Former Brazil president Luiz Inacio Lula da Silva left prison for the first time in seven months on Wednesday as he faced questioning over corruption and money laundering in relation to the wide-ranging "Car Wash" graft probe.
A massive security operation was put in place in the southern city of Curitiba, where the 73-year-old has been held since April, as press and around 100 devoted supporters flocked to the federal court where he and 12 others were interrogated by Judge Gabriela Hardt.
Lula was questioned over refurbishments to a farm believed to belong to him, paid for by major construction companies between 2010 and 2014 in exchange for big contracts with state oil giant Petrobras.
The afternoon hearing, which was closed to media, lasted around three hours.

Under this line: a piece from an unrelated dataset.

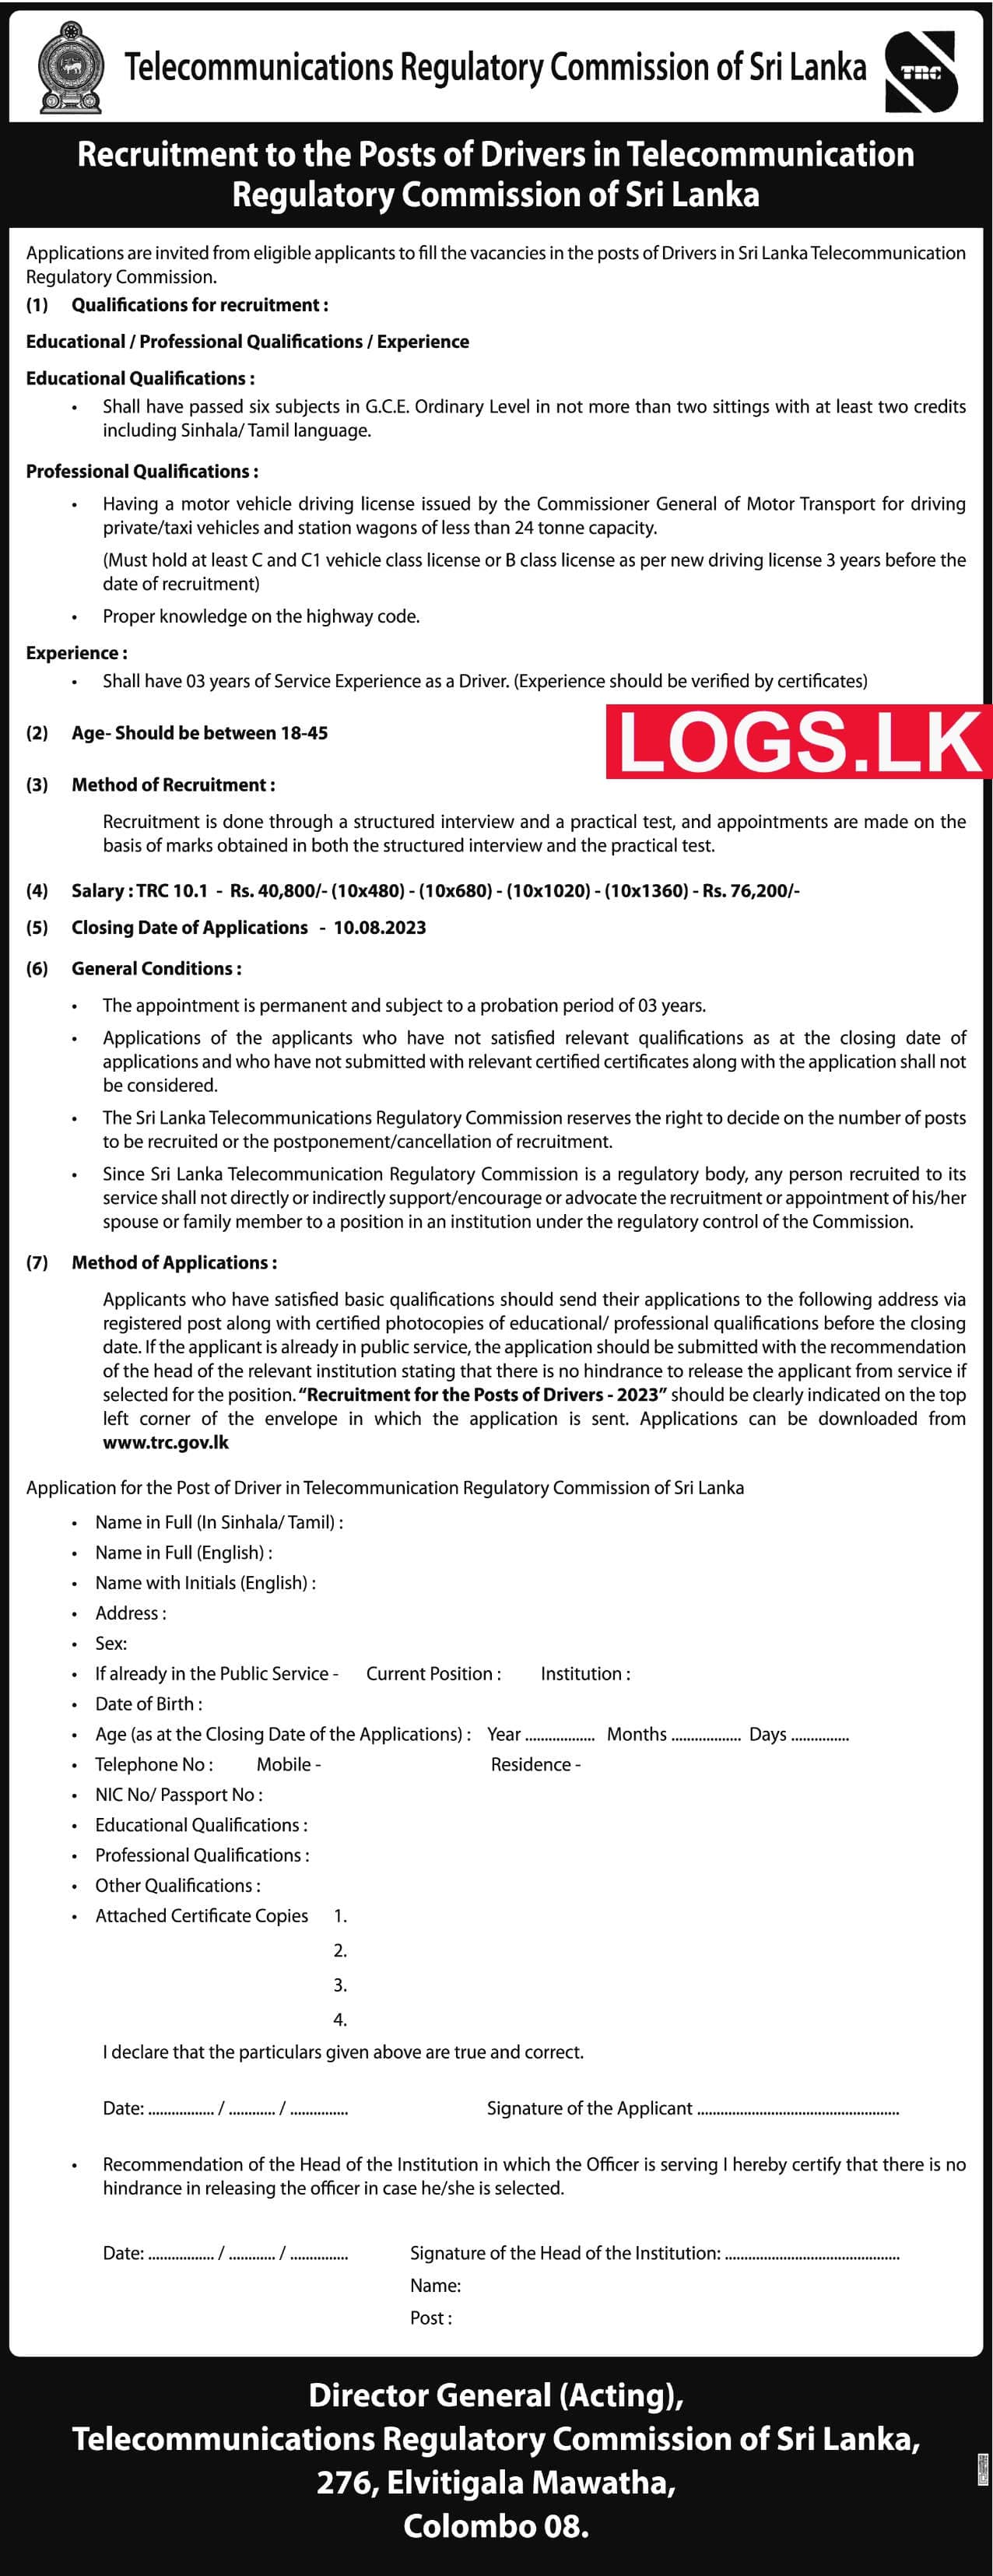 Telecommunications Regulatory Commission of Sri Lanka Job Vacancy
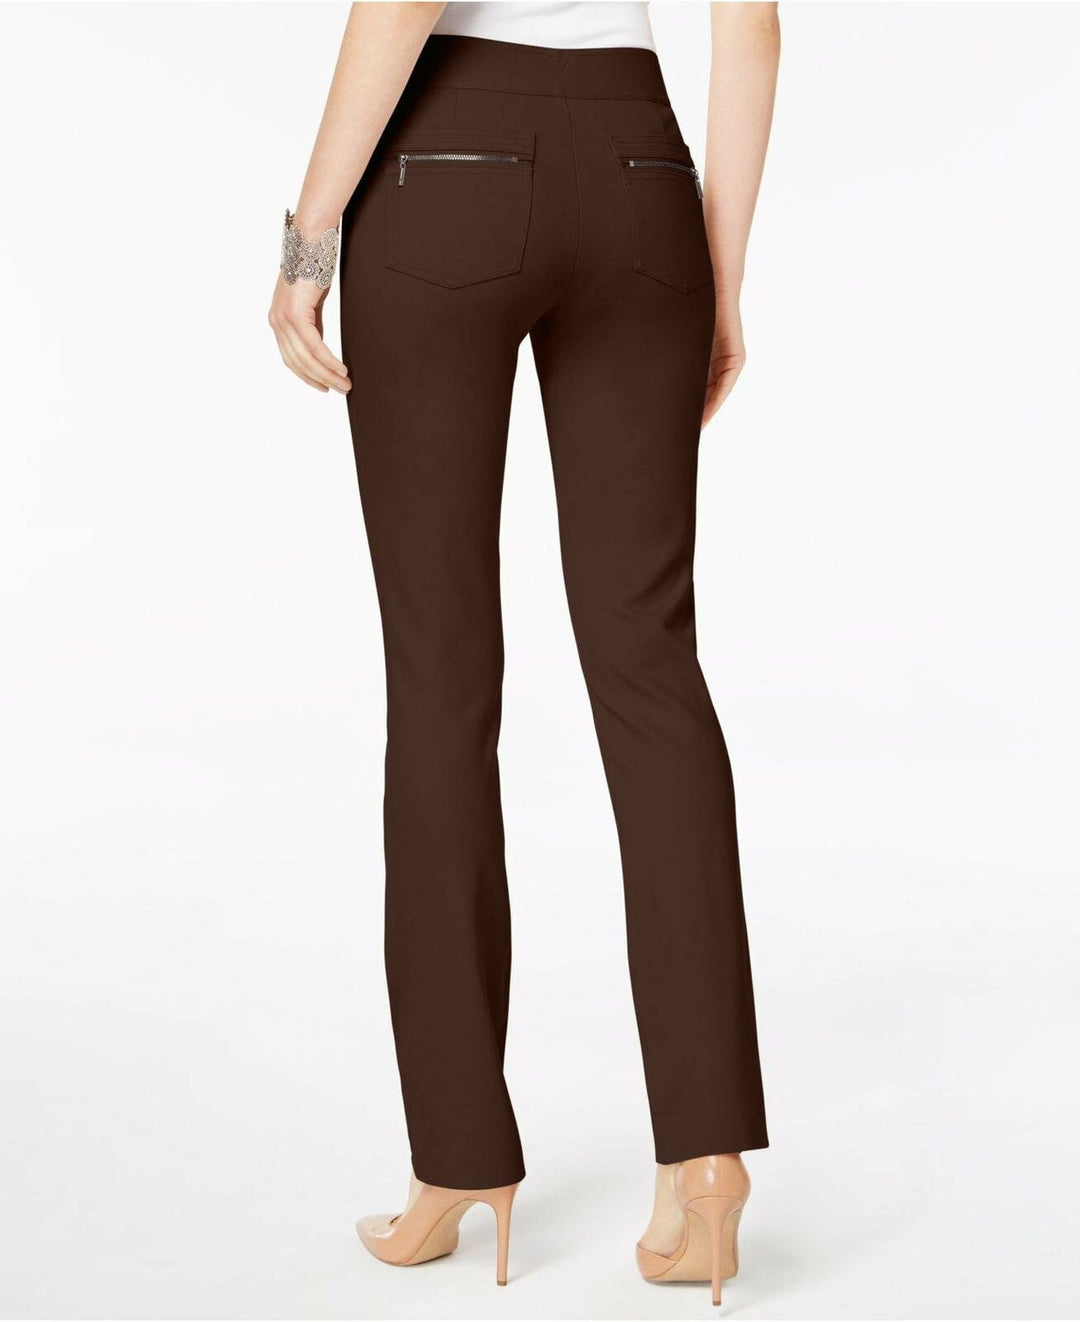 INC International Concepts Women's Straight Leg Casual Trouser Pants Brown Size 18

The leftist icon, already serving a 12-year sentence for accepting a seaside apartment as a bribe during his 2003-10 presidency, was then returned to his cell.
Lula's defense lawyers maintain he is innocent of all charges against him and have accused authorities of harassment.
Experts don't expect a decision before the end of the year.
A lawyer for one of his fellow accused said Lula looked well but thinner than before.
His supporters are convinced he's done nothing wrong and have held a vigil outside the federal police jail where he has been held since he was detained.
He was brought to and from the court in a convoy of black vehicles and without being seen.
"We knew they wouldn't give Lula the pleasure of seeing us but we still encourage him so that he can feel our presence," said Susi Montserrate, who was amongst a group of supporters stationed close to the prison.